Android

Google has started working to harden the security of Android at the firmware level, a component of the software stack that interacts directly with the various processors of a system on a chip (SoC).

The plan is to expand the security in Android devices beyond the operating system, which runs on a multi-core CPU, to the other processors on the SoC for dedicated tasks like cellular communication, media processing, or security modules.

This decision was fueled by security research lately focusing on various components of the software stack, including the firmware.

"Over the last decade, there have been numerous publications, talks, Pwn2Own contest winners, and CVEs targeting the exploitation of vulnerabilities in firmware running in these secondary processors." - Google

Among more notable examples are attacks targeting vulnerabilities in the secondary processors such as the Wi-Fi or cellular modules that could be exploited remotely over the air to inject and execute arbitrary code.

Hardening the firmware

Google says that together with its Android ecosystem partners it is working to improve the security of the firmware that interacts with Android, exploring several protection mechanisms:

  • Compiler-based sanitizers that can catch memory safety issues allowing security flaws or crashes during the code compilation stage.

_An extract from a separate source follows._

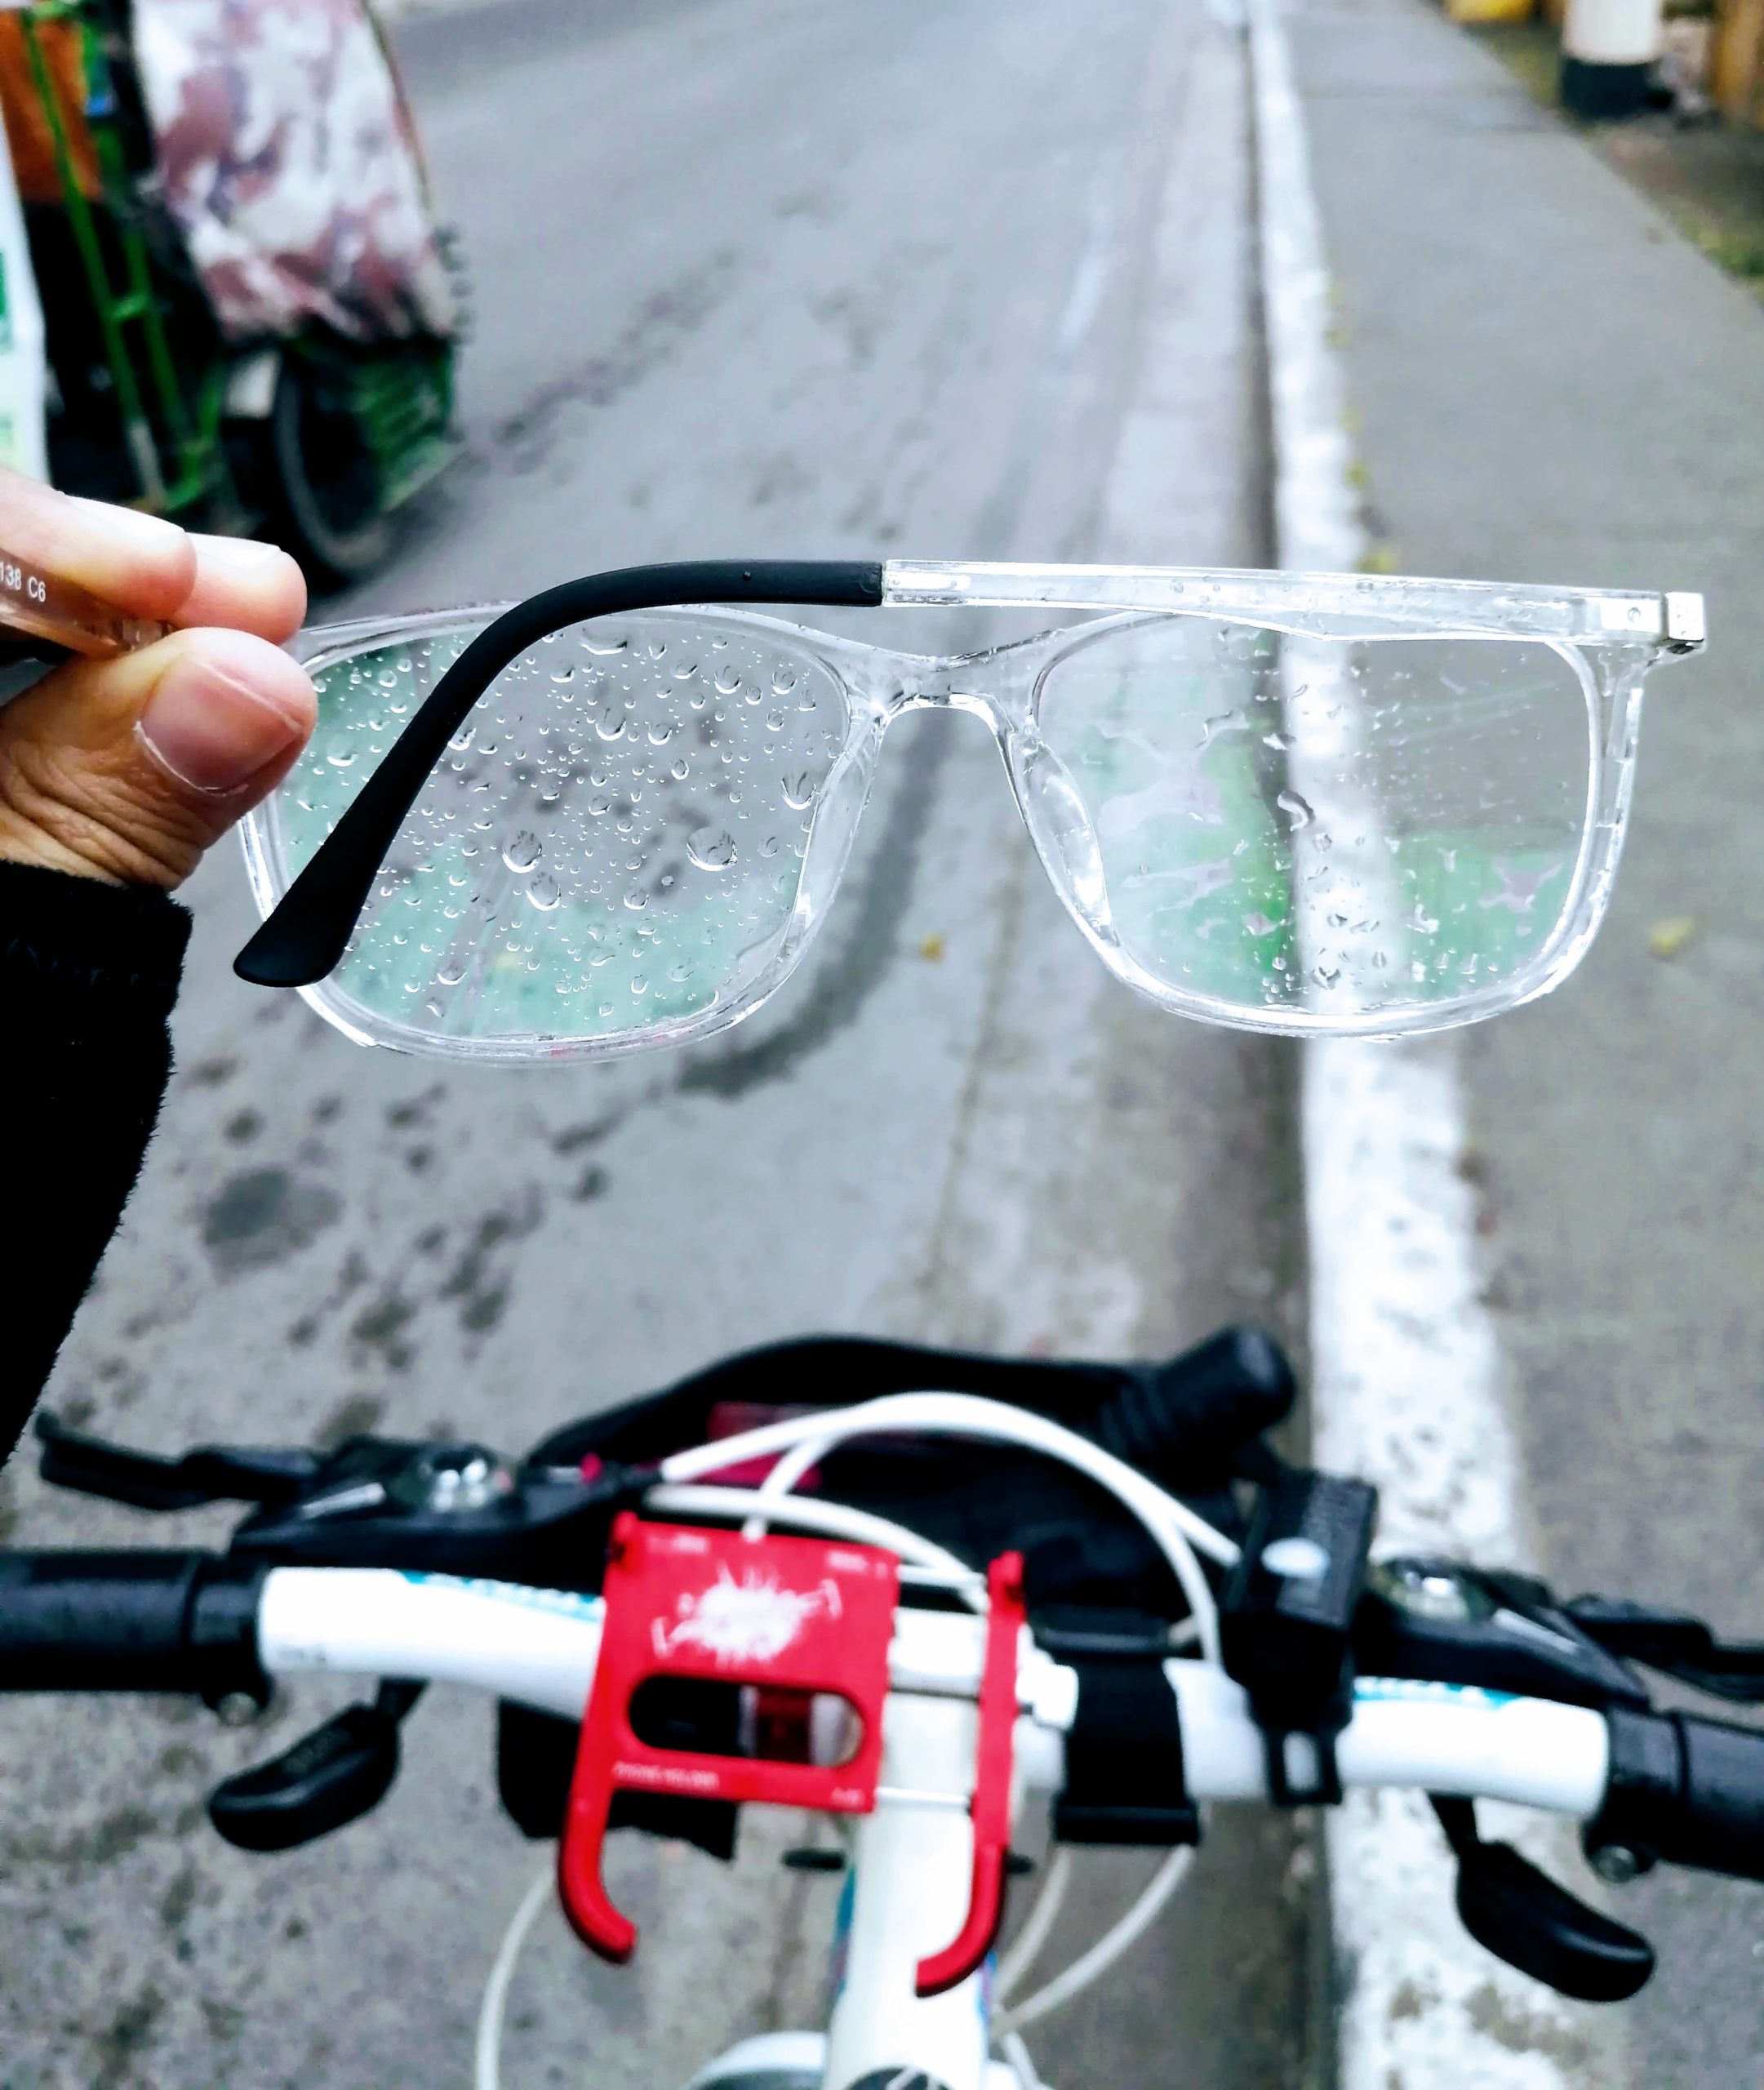 Eyeglasses drenched with rain while biking on the road

Google mentions BoundSan and IntSan
  • Exploit mitigations: Control Flow Integrity (CFI), Kernel Control Flow Integrity (kCFI), ShadowCallStack, and Stack Canaries
  • Memory safety features aimed to prevent memory errors such as buffer overflows, user-after-free attacks, and null pointer dereferences; Google mentions the 'zero-initialized' mechanism that zeros memory values before a program accesses the allocated space so it doesn't contain random data from previous uses

One issue with incorporating the mitigations is that they may have a negative impact on the performance of the devices, an even more difficult challenge when it comes to secondary processors designed for a specific set of functions, since they don't come with the same resources as the main processor powering the Android operating system.

Google says that by optimizing how and where the mitigations are activated it can minimize the impact on Android's functionality, performance, and system stability.

Google's effort to harden firmware security is part of a greater effort to improve the security of the Android platform. In the future, the tech giant plans to expand the use of Rust for firmware code, implementing all functions using a memory-safe language.